Friday, March 24, 2017


For the thirty-four years you taught courses there, you expected to arrive at the University of Southern California when you set forth from your point of departure somewhere to the north, in Santa Barbara.

You expected--and were overwhelming in your success--to arrive at five other destinations where you taught, as well as the various writers conferences in which you participated as a workshop leader or speaker.

Since all these destinations are associated in some way with writing, they seem for your purpose here a splendid and emphatic example of destination as an anticipated point of arrival.

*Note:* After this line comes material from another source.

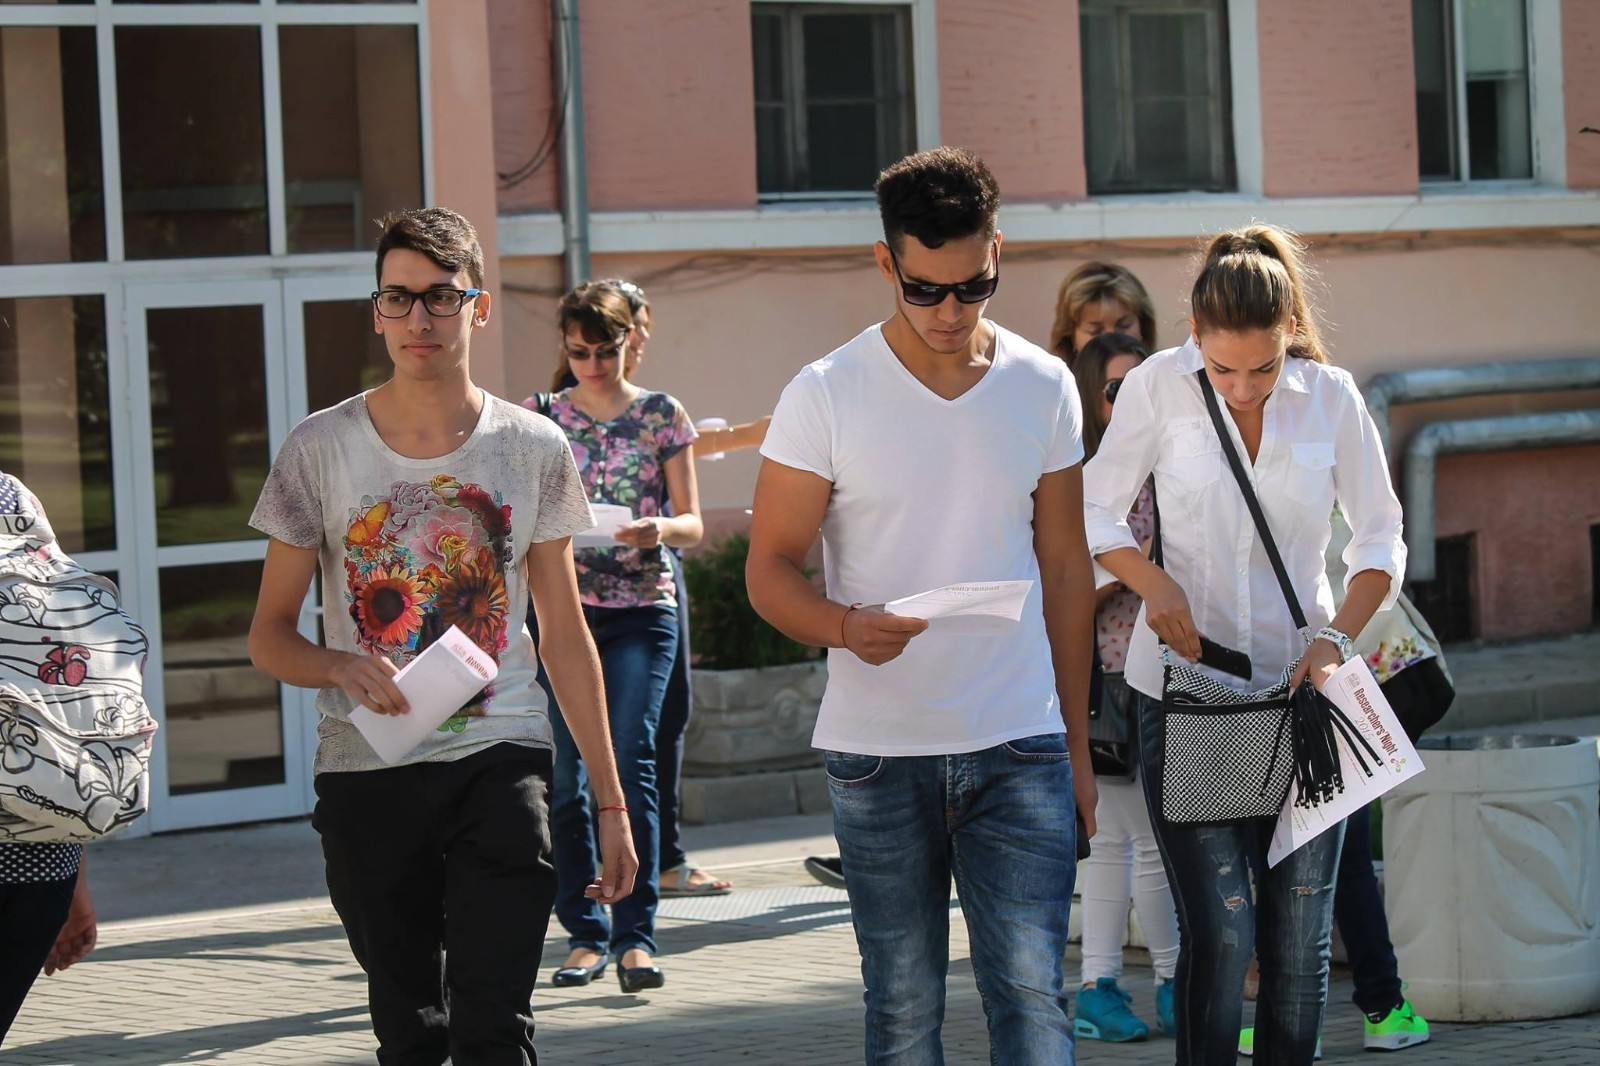 Студенти пред Аудиторен комплекс на Медицински университет - Пловдив

In turn, these examples also set in motion the concepts of departure and anticipation as necessary conditions to arrival.

A process begins when an individual such as yourself departs from a particular location. The individual is purposefully leaving Point A. Thus you at ages nine, ten, eleven, increasingly leaving Point A, which can also be seen as either home, a classroom, or some public park, with the specific destination of a library in mind.

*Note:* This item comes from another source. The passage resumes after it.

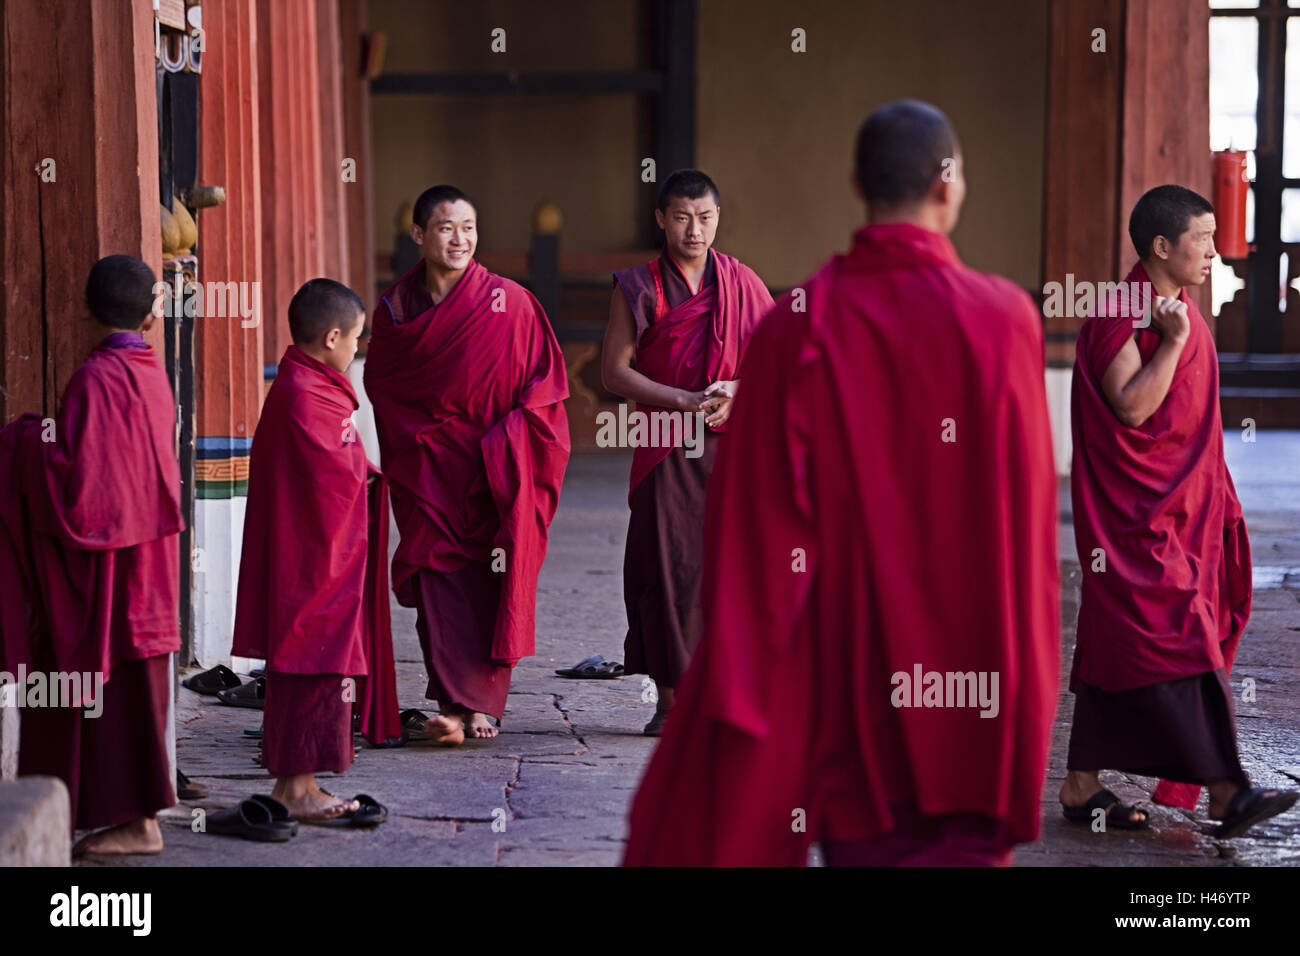 Kingdom Bhutan, monks in the Paro Dzong, Stock Photo

The motivations for your departure with that destination in mind were cocktails of curiosity and boredom. The destination much more often than not provided ample remedy for the boredom, sated the curiosity to some degree, or quite possibly triggered it to even greater intensity.

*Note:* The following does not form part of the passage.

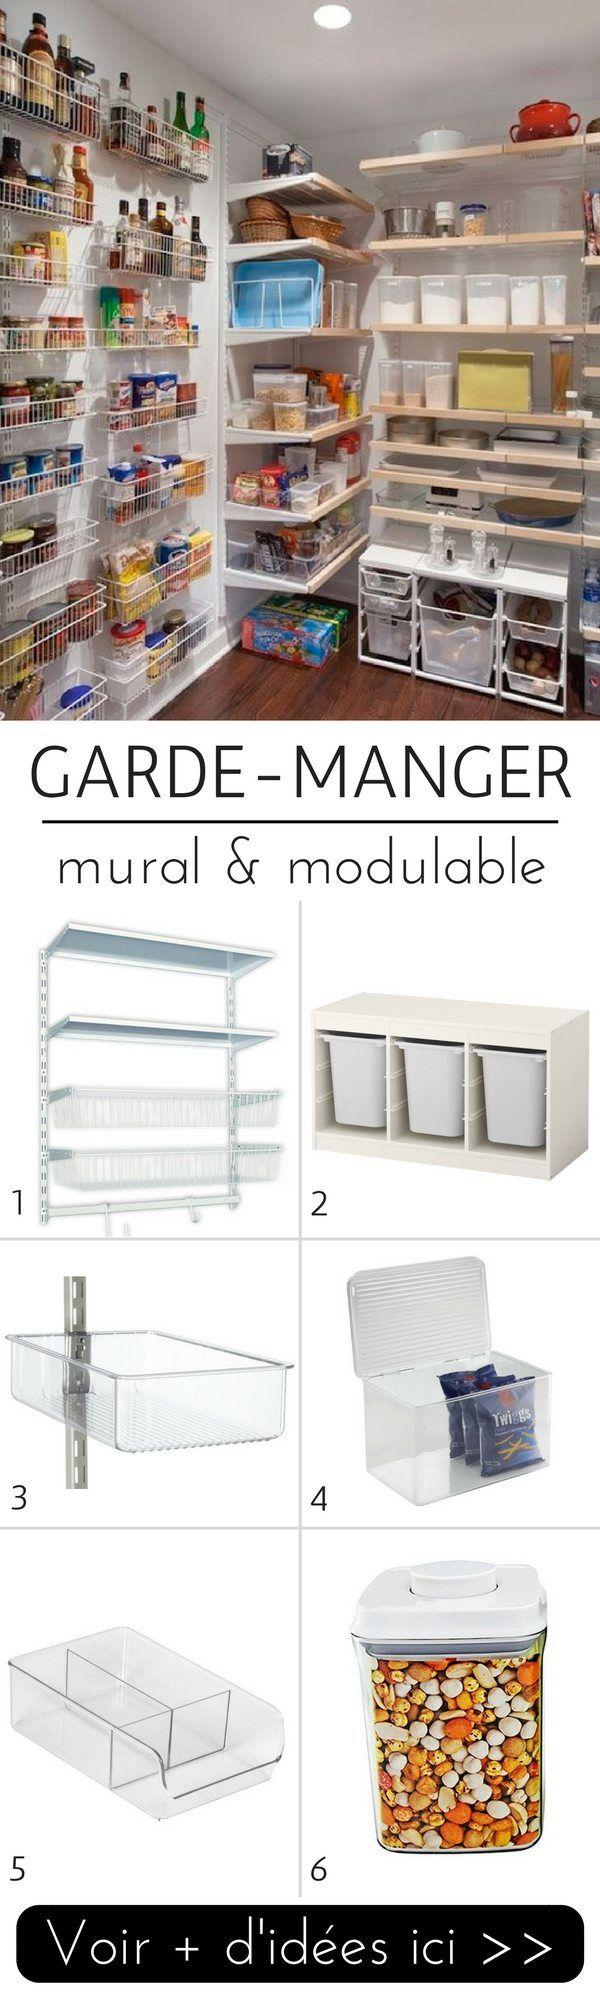 best 25 garage decorating ideas ideas on pinterest garage makeover small garage and small. Black Bedroom Furniture Sets. Home Design Ideas

A significant side effect of your earlier departures and arrivals is the person you became and now are, by profession a writer, editor, and teacher. To this day, in service of boredom and curiosity, you continue to arrive at libraries; you also arrive at bookstores and send forth electronic departures to other bookstores, newspapers, and journals. 

Often when you sit in your present dwelling, you are literally and figuratively up to your ass in books, magazines, and journals. Were you to sit on the floor, as you on occasion do, you'd as well be in over your head with books.

In your capacities as writer, editor, and teacher, your activities often involve a departure from a known or measured condition, thus a start of a journey toward an outcome or arrival. Either you, yourself, a client, or a number of students board a particular conveyance. All aboard.

The destination is the tricky part. You came upon this discovery some years back when you began to notice how, in relative terms, it is easier [for you] to begin a story than it is to end or resolve it. Somewhere along the way, you began to equate endings with punchlines of jokes. No laughter, ineffective story or punchline. But then you began to see. You didn't want that kind of a punchline. And. You were not at all adverse to laughter, but such as there was should come within. You don't want punchlines for endings; you want a sense of arrival at a destination.

All along, the reader is on track to reach a destination, but not the most anticipated one. Were you to drive to Los Angeles these days, you'd be horrified to discover force of habit had taken you to the University of Southern California.  Were you to drive to Los Angeles these days, you'd be happier to discover you'd arrived at 12224 Ventura Boulevard, Studio City, which happens to be Art's Delicatessen and Restaurant.